Metric Store, the ins and outs
What is a Metric Store?
A metric store is where you define and manage metrics for your business so that teams can easily pull and visualize the data they need with a high probability of consistency and accuracy. The metric store solves the confusion when a particular table explodes into multiple dimensions which happen when teams begin to add their own definitions and calculations of a single metric. To address this metric Tower of Babel, data scientists and analysts spend a significant amount of time defining the metric itself, increasing the time required during the discovery process. It also allows you to avoid creating continuously new and redundant tables. In short, the metric store provides a single source of truth for a metric store and facilitates a much more efficient and effective analysis.
Should you invest in a Metric Store?
The metric store is not a new concept. In fact, many companies have and are operating their own form of a metric store to a degree. Today, certainly there are more open source projects (e.g. Minerva) and tools (dbt, Transform, etc) that allow you to adopt a metric store. However, the real cost of investing in and operating a metric store, an intense up-front investment to define and support metrics and to create a new approval process, has not changed. While it is a clean approach to have a metric store for the most frequently used metrics, decision-makers should be careful not to commit to the metric store as a one fits all solution to producing insight between data, business, and product.
Investing in a metric store means the following.
- You are going to spend the time to pre-define many of your key metrics
- You are going to set a new data analysis and metric creation process that guarantees consistency and accuracy
- You will build a foundational table to support the metric store.
To support a metric store, you’re creating a team-wide collaboration process and protocol (🚨) that requires a review process for all changes made to the metric store. Taken from an operational view, ad-hoc analysis that requires a new metric can take much longer because now you have an approval process to run on the metric in use. So if you are working as a matrix team (product team + DS/DA), you now have an additional process to go through to get things done.
While you might gain speed with self-serve and by spending less time on discovery for your existing metrics, it may work against that very purpose if existing metrics do not glean the product and business insight you need for a specific moment and context. Investing heavily in metric definition, creating a foundational table, and crafting new policies; risks creating work that doesn’t get used after and creates an inflexible analysis process that is ossified around existing metrics.
This brings you to consider how much you should front-load your metrics.
If you decide to go ahead with a metric store, we suggest you balance out the process of converting to a metric store by setting up a small cohort of initial metrics and policies to put in place while leaving ample room for existing ad-hoc analysis to continue to access the best from the metric store but prevent operational overhead that can slow down ongoing ad-hoc analysis that is too early to be defined into a standardized metric.
Tools to set up your metric store
Let’s also take a look at a few existing ways to invest in your metric store: Minerva, Transform, and dbt.
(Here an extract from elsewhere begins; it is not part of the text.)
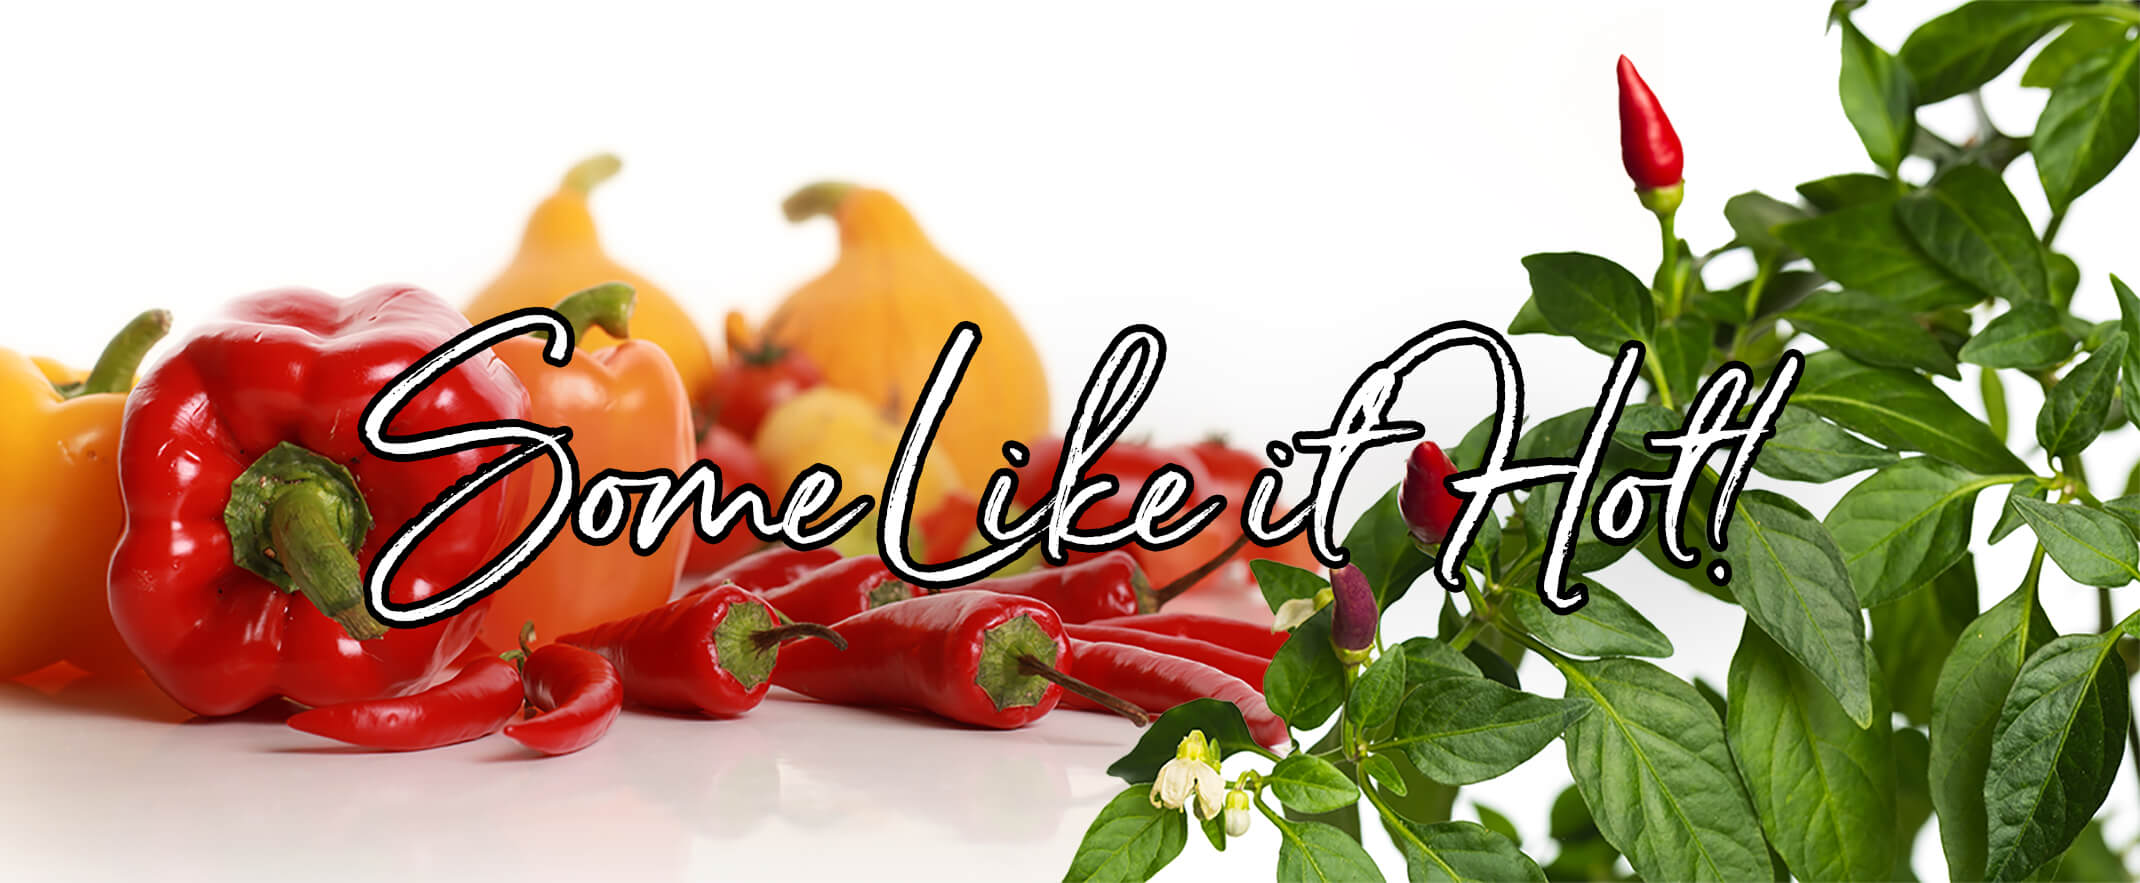 A variety of Sweet and Hot Peppers on a white background  with the text

Since Minerva’s v1.0, we have consistently heard from our customers around the world that they want Minerva. Now that it has been updated to v2.0, let’s have a high-level look.
- Time to visualization
- As long as your data scientists and analysts have an understanding of your table’s dimensions, Minerva lets you pull out related metrics into charts and graphs in a very short time.
- Minerva comes with a sensor system that allows you to guarantee near-real-time consistency of your data.
- Data freshness
- Minerva enables you to set a separate schedule with airflow.
- Heavy in-house lift
- While there is a source for you to execute on, you have to make the heavy lift to use Minerva. You will have to execute a lot of initial analysis in order to refactor your data warehouse so that you can create and use a foundation table.
- Policy requirement
- You will need to develop your own policy such that the new schemas you create do not break the rules that makes Minerva work.
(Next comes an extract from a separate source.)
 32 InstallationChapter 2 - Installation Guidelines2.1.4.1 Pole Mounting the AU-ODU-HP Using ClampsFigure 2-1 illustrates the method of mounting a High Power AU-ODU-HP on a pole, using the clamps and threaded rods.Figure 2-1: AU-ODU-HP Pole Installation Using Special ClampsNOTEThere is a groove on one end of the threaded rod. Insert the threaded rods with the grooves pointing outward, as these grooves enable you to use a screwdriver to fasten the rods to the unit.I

- New interface adaptation
- This is a minor point, but you will have to adapt to Minerva’s yaml based interface.
Summary of Minerva
- If you have the data engineering muscle to flex and the data science operation set up, Minerva can be a powerful tool to support your organization. Just remember, it was Airbnb that created Minerva to serve its own purpose.
Transform is a centralized metrics store that empowers data analysts to deliver accurate, timely, confident, and fast insights. (launch blog)
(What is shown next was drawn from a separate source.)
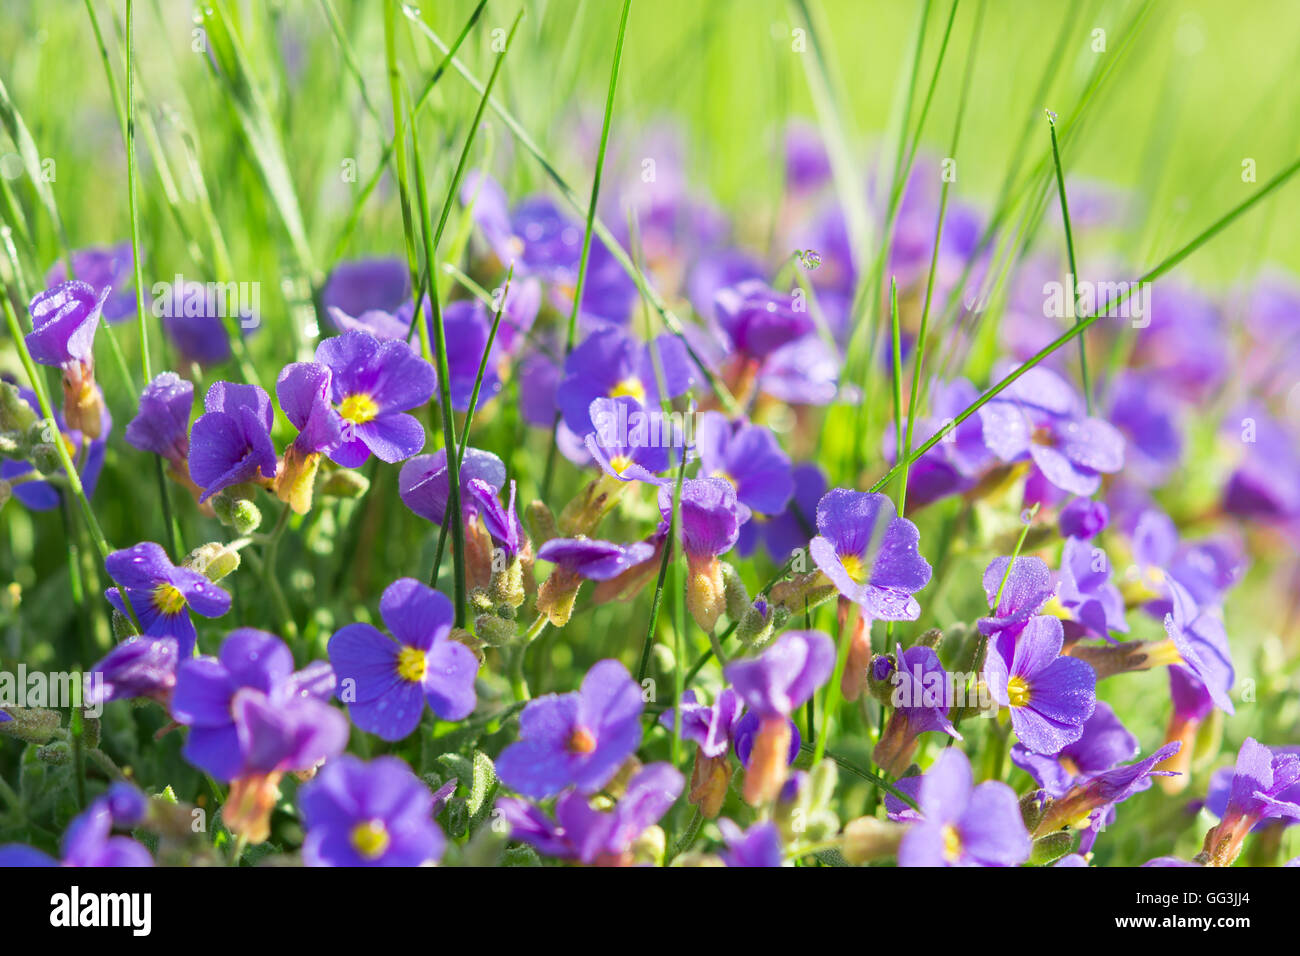 Multitude Aubrieta small blue flowers in grass on sunny alpine mountain glade with dew drops Stock Photo

- Transform allows you to create and load your metric store from your data warehouse.
- Transform has a very user-friendly interface that can be easily understood and adapted.
- Data freshness:
- Transform provides Airflow and Prefect integration.
- Heavy lifting:
- Transform requires a core engineering investment: to create a proper foundation table. Lessening the data engineering work is what we were looking for in using Transform but could not conclude that it does.
- Policy requirement:
- We had difficulty understanding what approval system you would need to operate Transform. A vague policy can create havoc in your well-intended effort. You will have to develop your own approval system or policy to avoid redundancy.
Summary of Transform
- UI/UX of data tools makes a big difference when it comes to utilization. If you have the resources to invest in refactoring your foundation table, approval process, and system; Transform can be a great approach to providing a metric store interface to your teams.
dbt provides a workflow that lets you create data pipelines with SQL. (more about DBT)
- Not so much a heavy lift:
- dbt lets you create a metric store without Data Engineers. Enough said.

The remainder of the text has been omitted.